L’introduction de la nouvelle loi sur la formation professionnelle (LFPr) a constitué une étape importante dans la modernisation et la flexibilisation du système de formation professionnelle.

L’introduction de la nouvelle loi sur la formation professionnelle (LFPr) a constitué une étape importante dans la modernisation et la flexibilisation du système de formation professionnelle. La LFPr a été mise en œuvre en 2004 pour permettre au système de formation professionnelle de s’adapter aux nouvelles condi­tions, et notamment aux progrès de la technologie et à l’évolution des exigences du monde du travail. Ainsi, à la suite de l’entrée en vigueur de la nouvelle loi, toutes les ordonnances sur la formation ont été révisées et le contenu des formations mis à jour, pour adopter en particulier une orientation vers les compétences opérationnelles.

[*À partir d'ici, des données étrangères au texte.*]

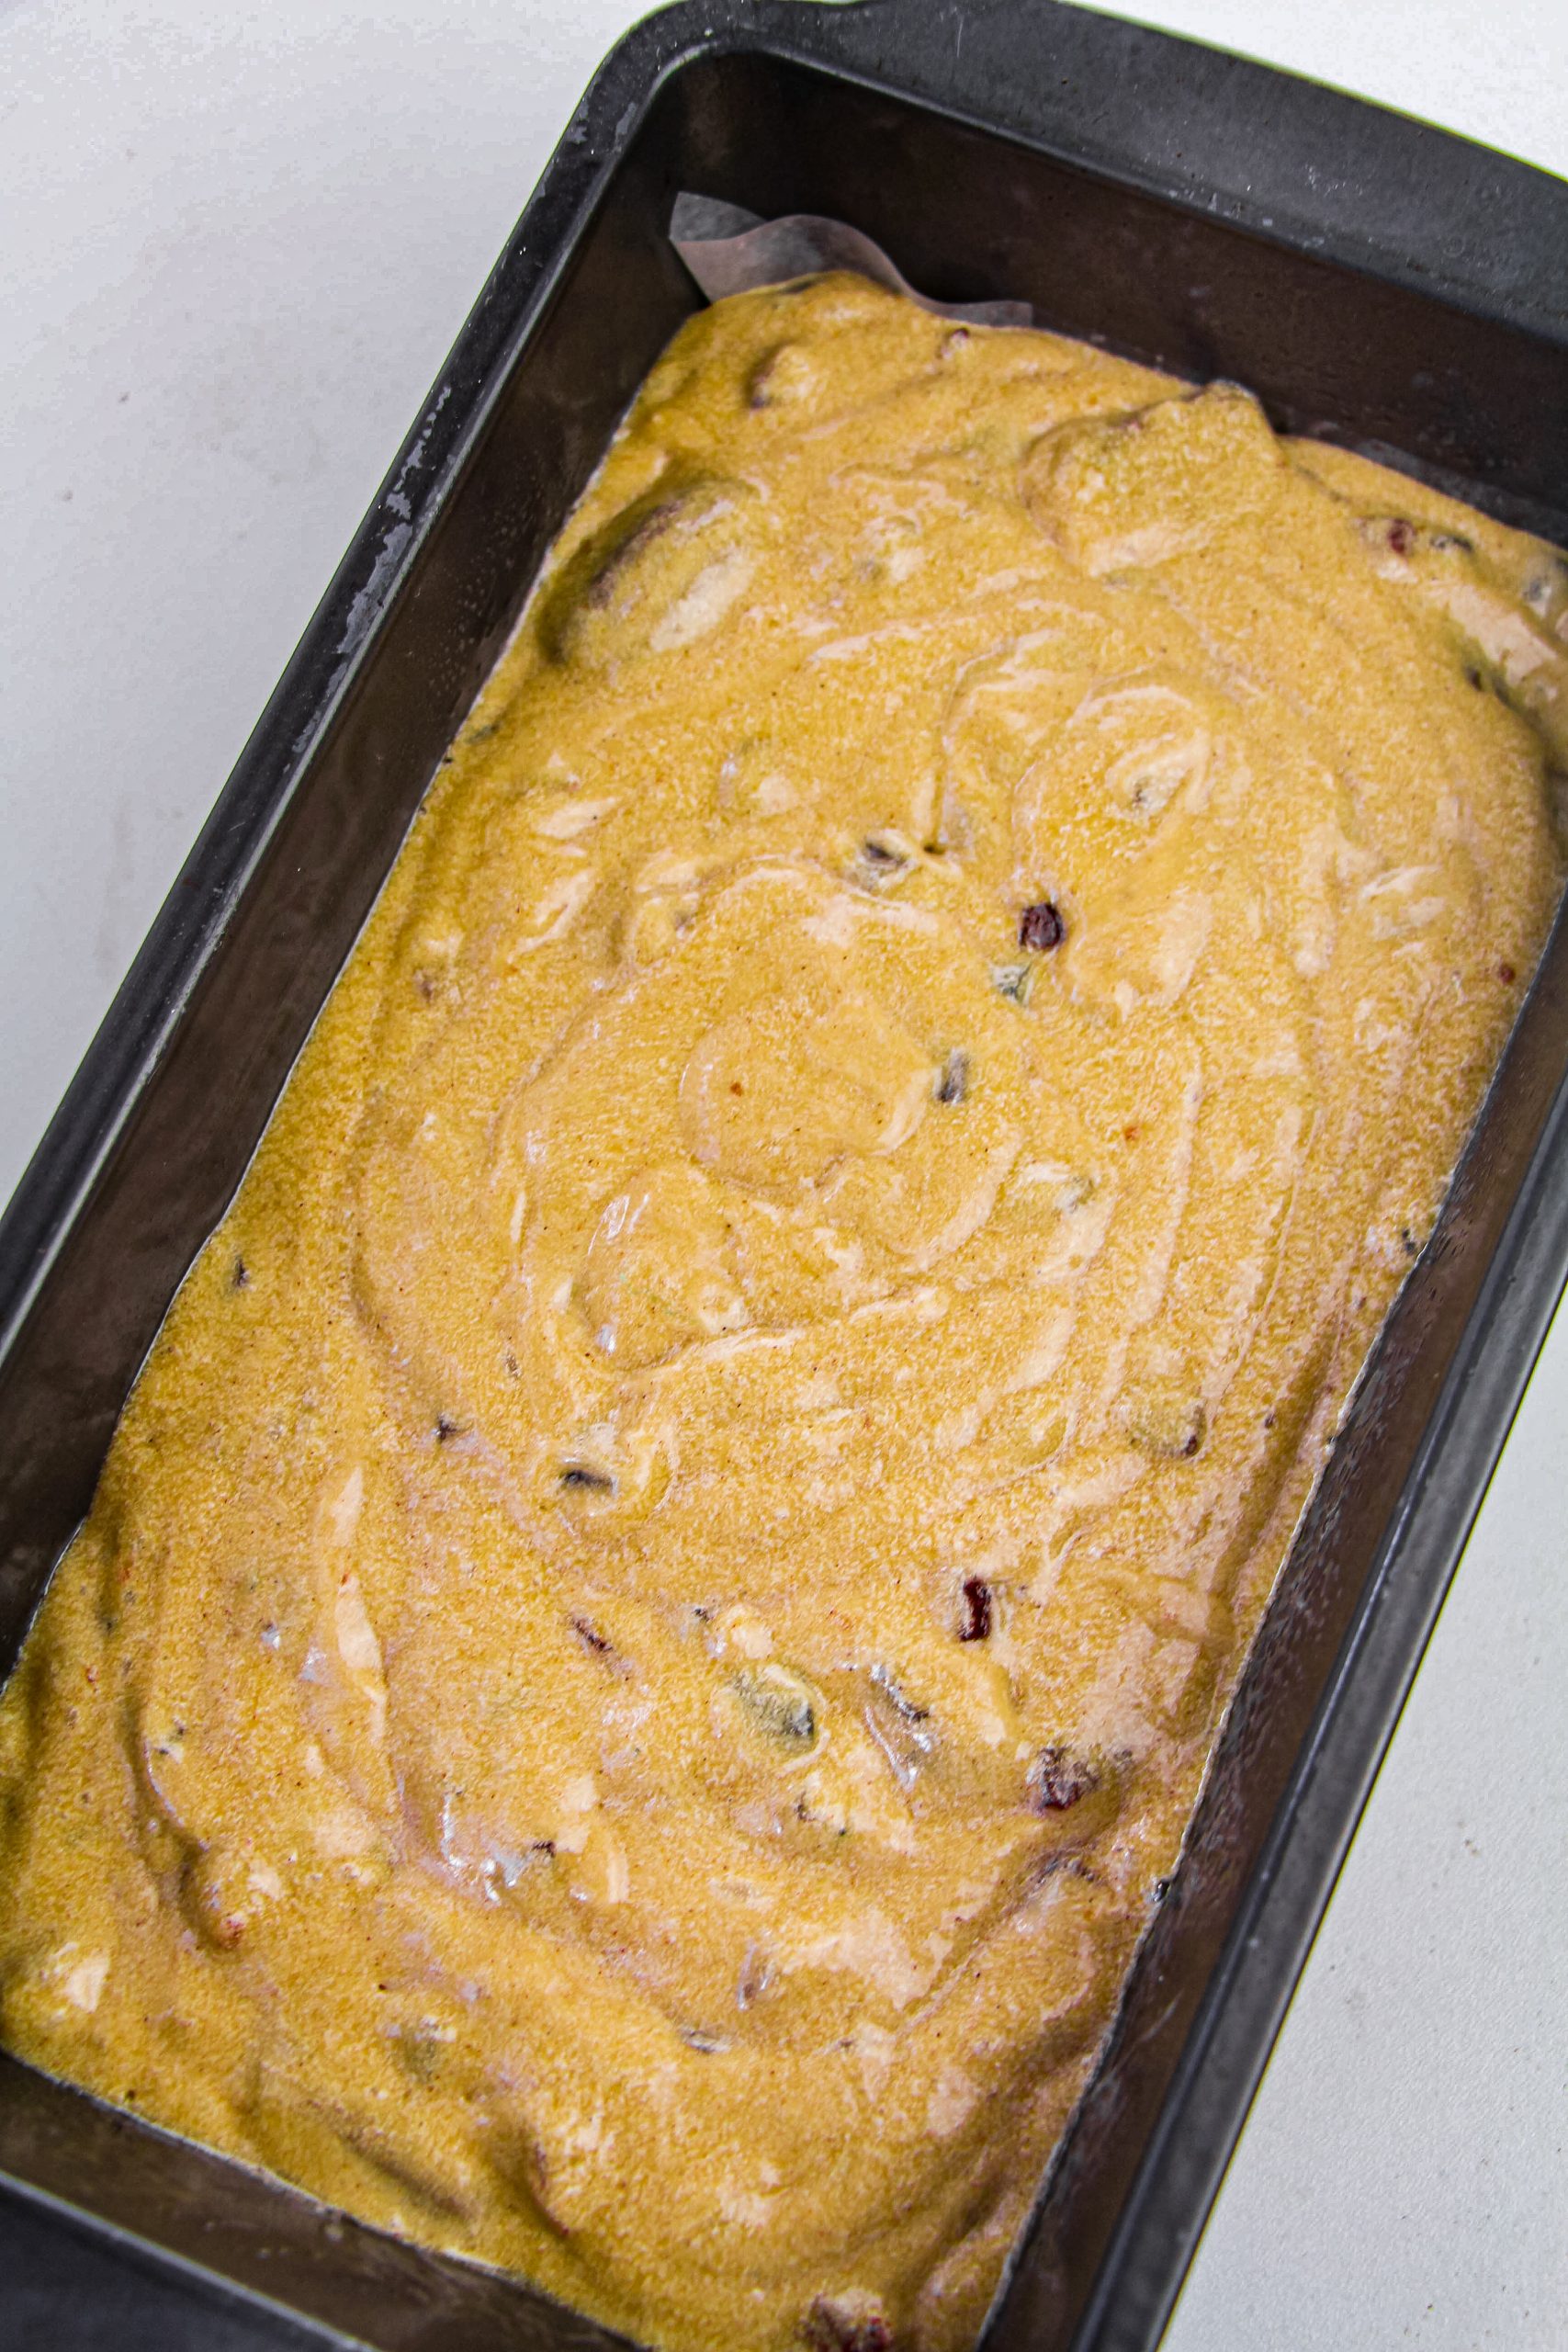 Pour in the fruit cake batter into the loaf pan.

Par ailleurs, tous les domaines de la formation professionnelle ont été intégrés, et notamment ceux de la santé, du social et des arts, placés jusqu’alors sous la responsabilité des cantons, tout comme les métiers de l’agriculture et de la sylviculture. La révision de la loi a aussi ouvert la voie à des possibilités de formation professionnelle nouvelles et différenciées. Cela s’est traduit concrètement par l’introduction de l’apprentis­sage en deux ans, sanctionné par une attestation fédérale de formation professionnelle (AFP), pour rempla­cer la formation élémentaire proposée jusque-là ; possibilité était ainsi donnée, après obtention d’une AFP, d’accomplir deux ans supplémentaires pour passer un examen ordinaire de fin d’apprentissage sanctionné par un certificat fédéral de capacité (CFC). Enfin, la nouvelle loi a permis de remplacer un subventionne­ment axé sur les dépenses, dans lequel les cantons étaient indemnisés par la Confédération pour leurs dé­penses, par un système de financement axé sur les prestations. Ce nouveau système implique le verse­ment de contributions forfaitaires aux cantons. La part de la Confédération aux coûts publics de la formation professionnelle est passée progressivement d’un cinquième à un quart.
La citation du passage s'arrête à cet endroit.